С е в е р о в. Спасибо, я еще не знаю…
С о с е д к а. Все понимаю. А ждать мы вас все-таки будем. Отдыхайте, осваивайтесь. (Уходит.)
Северов остается один. Негромко повторяет: «Отдыхайте, осваивайтесь». Подходит к елке, рассматривает ее. Включает лампочки. Верхний свет гасит. Комнату теперь освещает только разноцветный зыбкий свет елочных фонариков. Снег за окном падает все гуще, отбрасывая быстрые тени на стены комнаты. Северов медленно опускается в кресло.
С е в е р о в. Когда я уезжал из Москвы, мне было двадцать три. А теперь я вернулся… или, как сказала соседка, «все-таки приехал». И вот я снова в Москве. И это, наверно, мой последний дом на земле. И скоро Новый год, как тогда, Новый год. (После паузы, тихо.) Наташа… Наташа…
В комнату входит Н а т а ш а. Ей девятнадцать. У нее большие синие глаза и светлая пушистая челка. Она одета в легкий халатик, на ногах мягкие домашние туфли.
Н а т а ш а. Ты так тихо меня позвал, что я еле-еле услышала из кухни.
С е в е р о в. Вот я и вернулся, Наташа.
Н а т а ш а. Устал? (Садится на ручку кресла, около Северова.) Сейчас мы с тобой будем обедать. Я сварила замечательные щи. Ты, наверное, соскучился по щам.
С е в е р о в. Очень.
Н а т а ш а. Почему ты на меня так смотришь? Я плохо выгляжу, да?

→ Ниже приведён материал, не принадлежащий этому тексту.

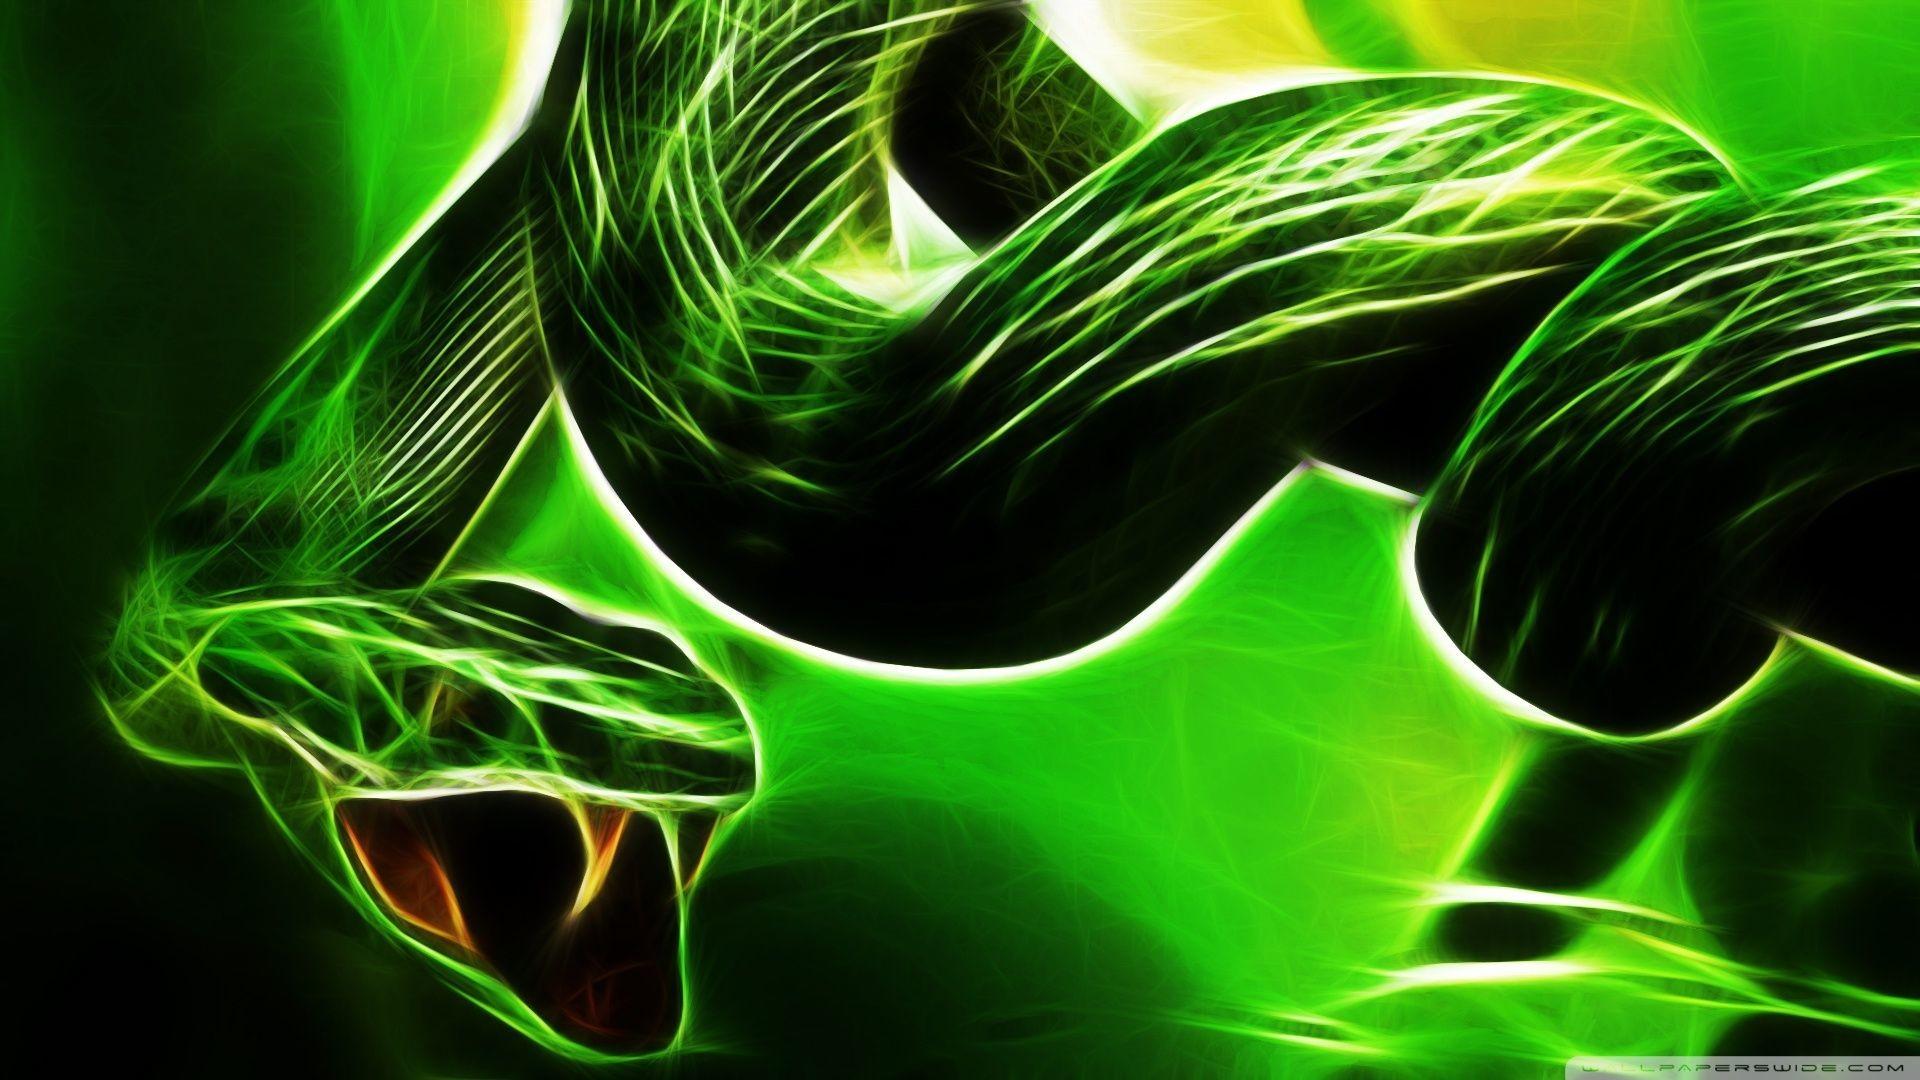 Res: 1920x1080, Snake Wallpapers Wallpaper 1024×768 Black Snake Wallpapers (43 Wallpapers)  | Adorable Wallpapers
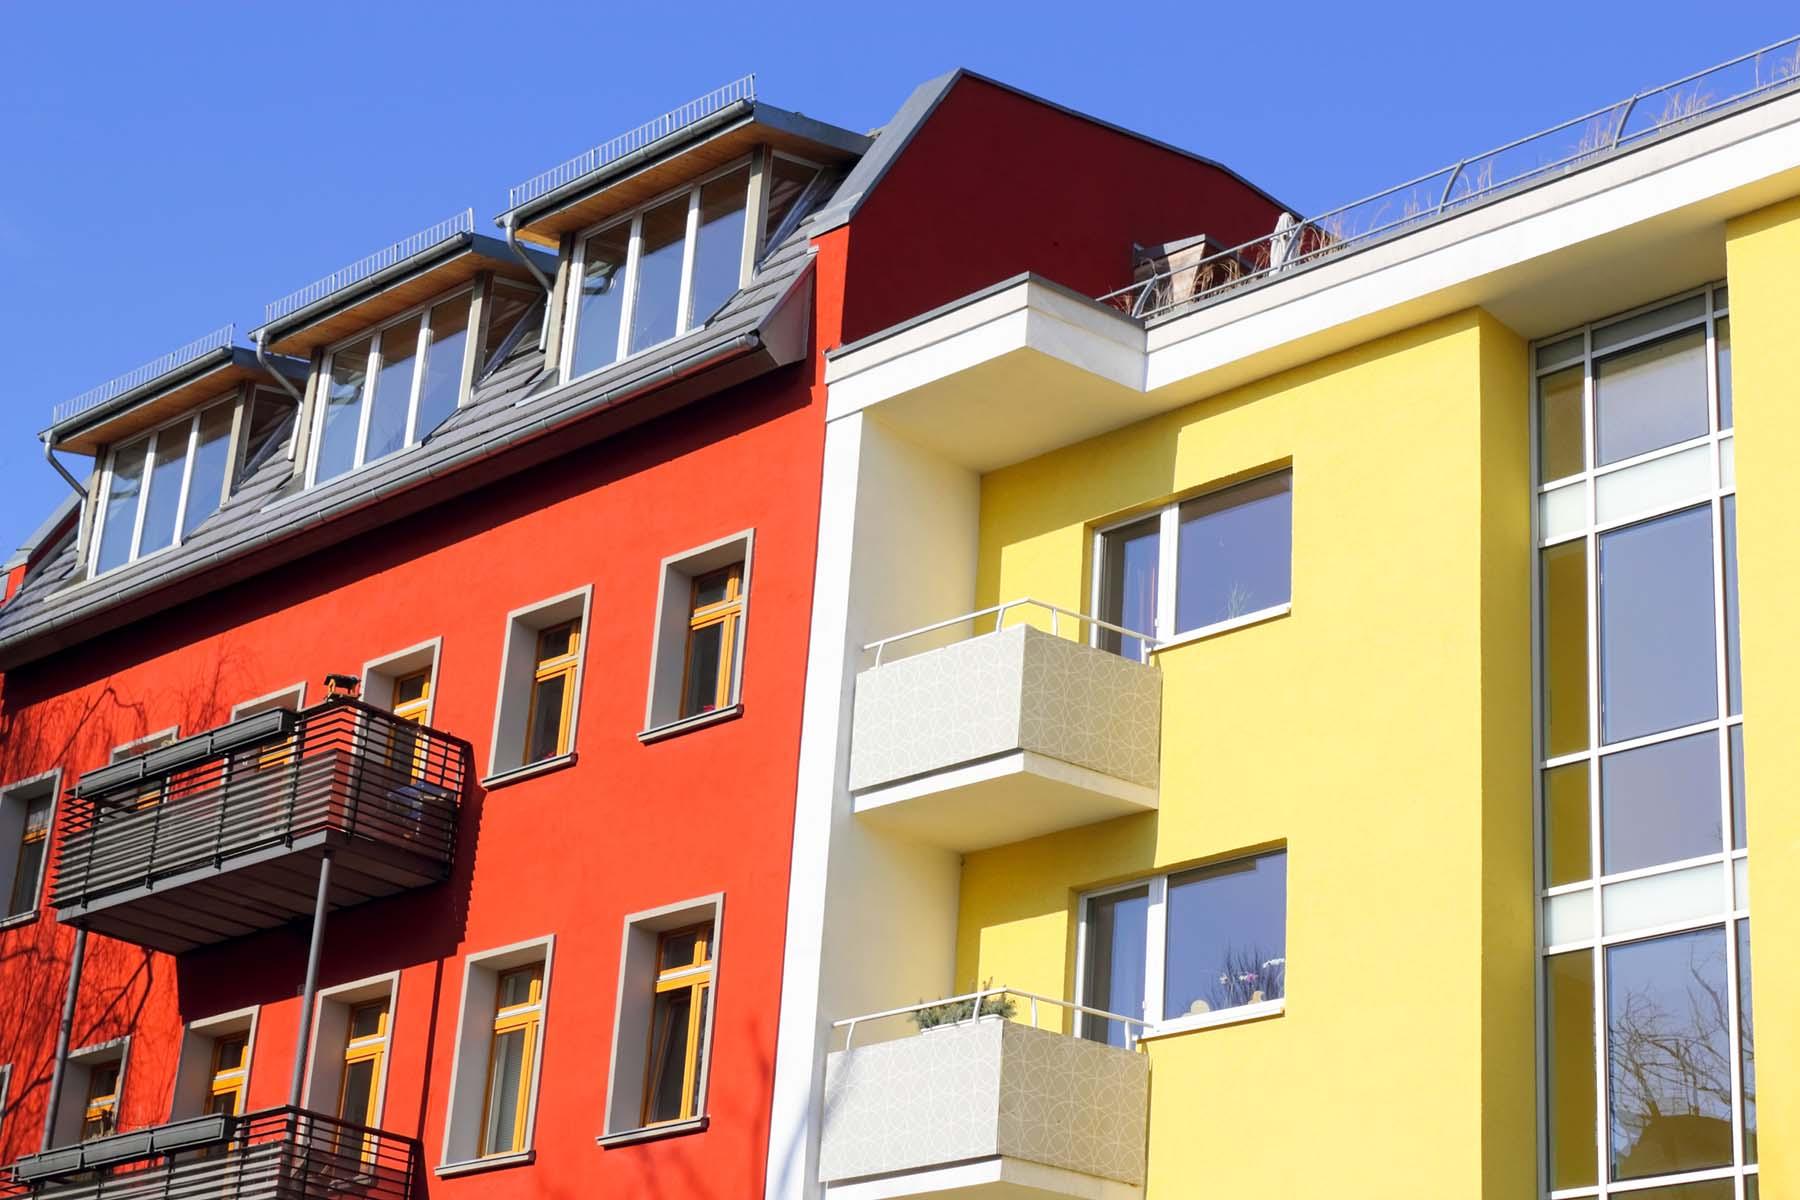 Mietwohnung bremen ungruh immobilien bremen for Immobilien mietwohnung

С е в е р о в. А ты совсем такая же…
Н а т а ш а. Думаешь, не постарела? Это тебе только кажется. Просто такой ты меня помнишь. А вообще я очень и очень постарела. Столько времени прошло.
С е в е р о в. Как же ты жила, Наташа?.. Ведь потом была война, потом послевоенное… тоже нелегкое время. И ты…
Н а т а ш а. А что я? Все жили… А еще я ждала тебя.
С е в е р о в. Все эти годы ждала меня…
Н а т а ш а. И дождалась. А теперь ты — мой муж. У нас есть дом с кухней. И все, все позади.
С е в е р о в. А впереди?
Н а т а ш а (серьезно). Ты и я. И снова — я и ты.
С е в е р о в. А ты помнишь меня молодым?
Н а т а ш а. А каким же я тебя могу помнить?
С е в е р о в. Скажи что-нибудь хорошее.
Н а т а ш а. Мы вместе, и ты снова в Москве.
С е в е р о в. Я — снова в Москве.
Н а т а ш а. Ты, наверно, совсем забыл ее, и тебя нельзя отпускать из дома, потому что ты можешь потеряться.
С е в е р о в. А вот это неверно. Я ее не забыл.
Н а т а ш а. Но ведь изменились названия улиц. Появились новые. Построили новые дома, скверы, целые районы, новые кинотеатры.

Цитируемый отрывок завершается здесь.